I can't help but laugh at that, because that is exactly what he would do.
"It was just all so sudden."
The words are out of my mouth, and now that I've said them, I know what I need to do. I need to tell her all about that day. I said I would do it if that's what she needed me to, so that was what I needed to do. I had to bring myself back in the shoes of my eighteen year old self and relive it all one last time, so she can understand, the way that I understand.
I never spoke about the accident with her. I told Andy, but even then I told him under what felt like duress, because the police were wanting a statement. I'd been waiting for a long time for this, and now she was here, now she was asking, I couldn't say no.
"I am going to tell you, Tess. But I can't do it here. I want it to be just me and you. Not me, you and the rest of New York."
She frowns but nods. "Do you want to go back to the apartment?" She asks.

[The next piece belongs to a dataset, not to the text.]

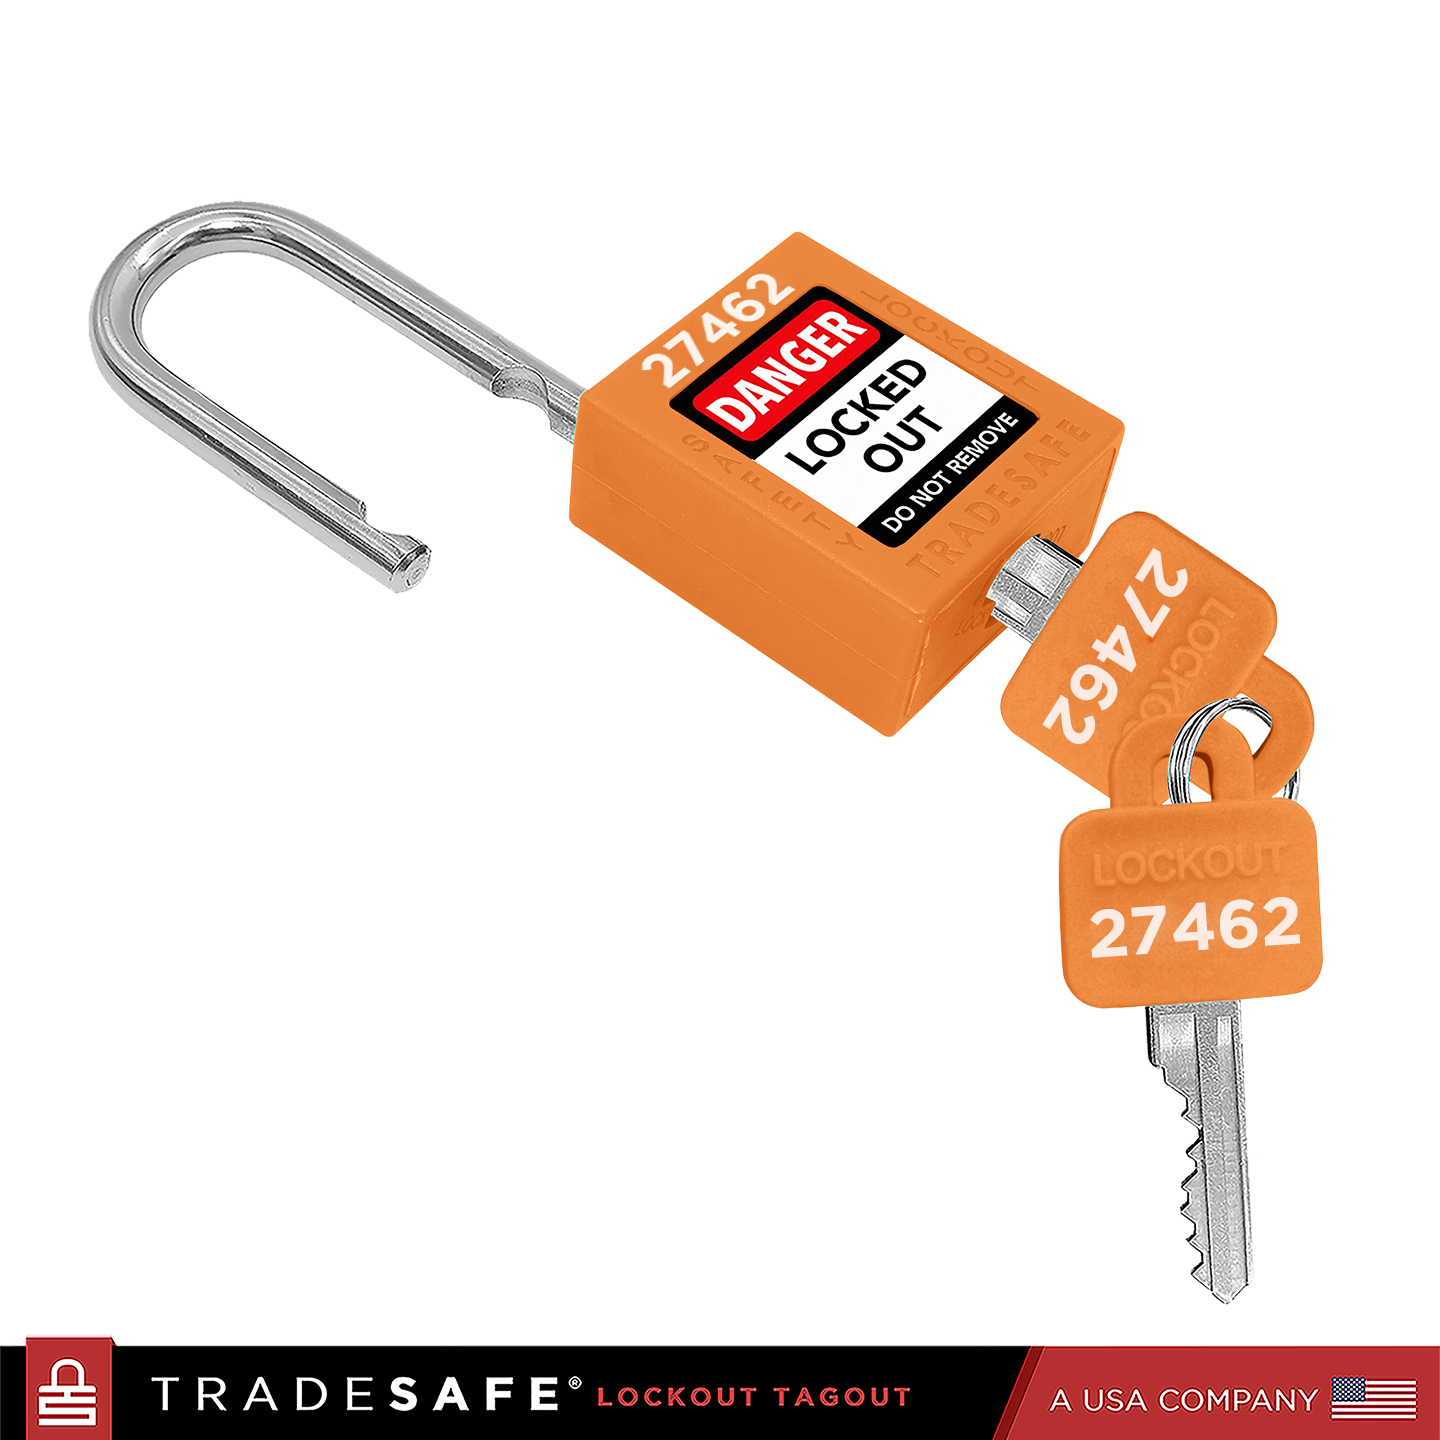 orange lockout tagout lock with 2 keys, 1 key inserted

I nod. It has suddenly got too loud here, too many thoughts and noises were bouncing around my head, and I needed to settle them before I brought myself back there.

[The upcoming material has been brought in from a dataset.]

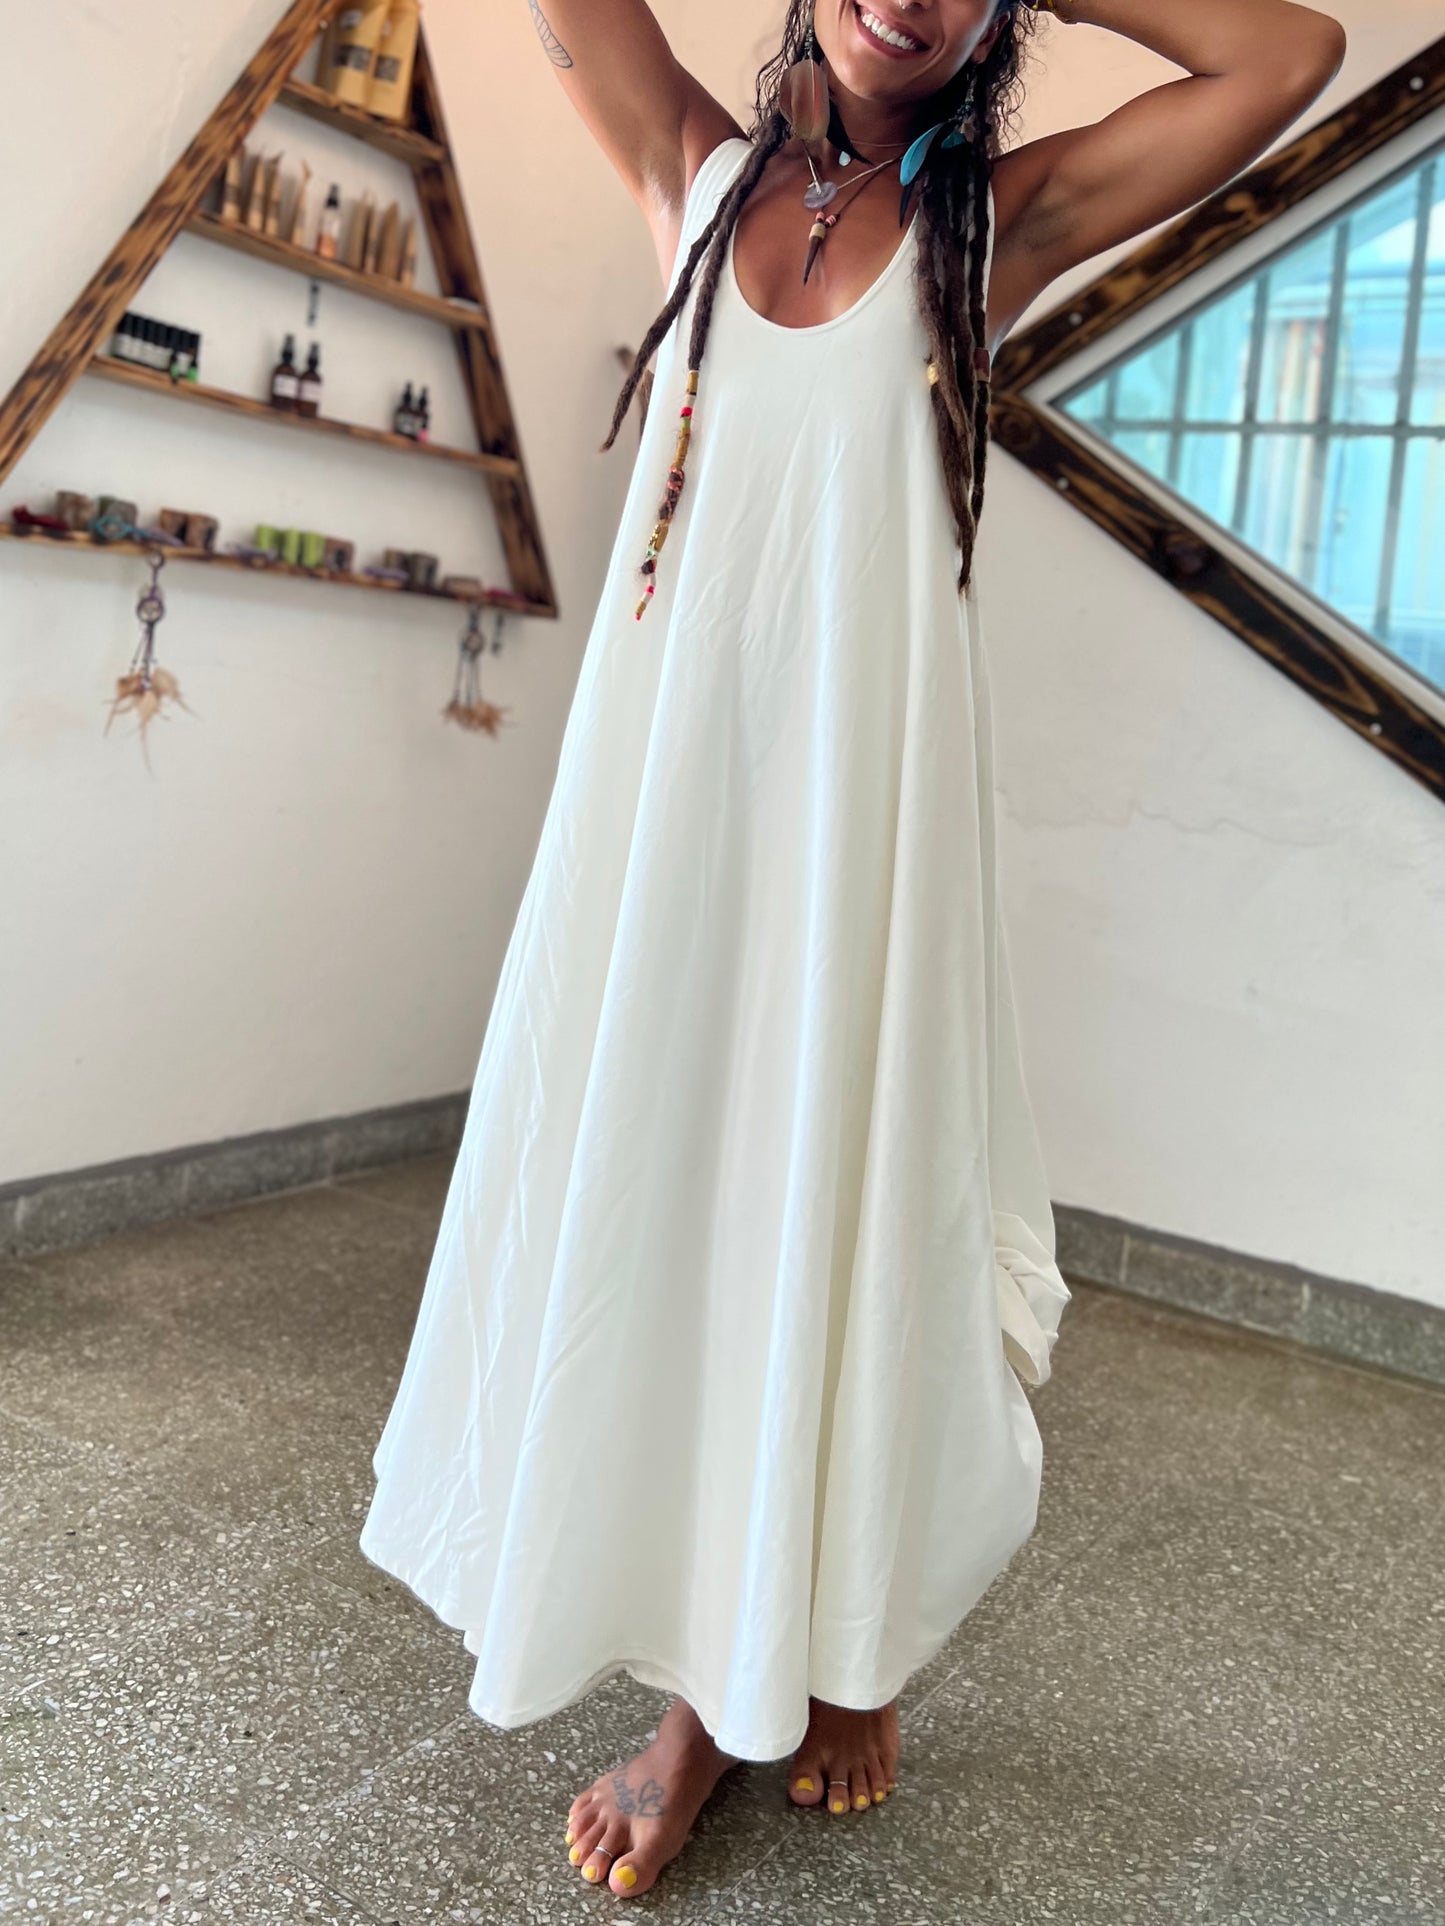 glorka white dress and shawl

"Arch, you don't have to-"
"No, I do." I cut her off. "I do. For me and for you. I need to."
I say it with determination, and she nods before she stands, holding out her hand for me to take.
I take a deep breath before taking it, taking the lifeline she's offering, and she pulls me up, placing my arm around her shoulder as we walk back to the apartment.
***
ONCE TESSA AND I are back home, have put comfy clothes on and made tea, I finally feel like I'm ready to tell her the whole story, from start to finish.
I know it'll leave her as raw and broken as it's left me all these years, but I know she'll never be whole until she knows the whole truth. It's going to hurt, for us both, her experiencing it for the first time and me going through it again, but we need to do it clear the air completely. We both need it for what feels like closure...
Closure. That one word, and I know it's all we've both been waiting for.
It's the one thing I've wanted, but it's the one thing I've always been so far away from getting. When things were finally finished with WEH, I thought that would bring closure, but it didn't. It might have brought some for Millie, but it didn't for me. Nowhere near.
"I'm going to tell you everything okay," I tell her, taking her hands. "Every detail. Every single painful detail..."
She nods. "Yeah, I know. I'm ready." She squeezes my hands before she kisses my fingers. "I'm ready."
I'm ready too. For once, I am, and knowing she's right here with me, makes all the difference.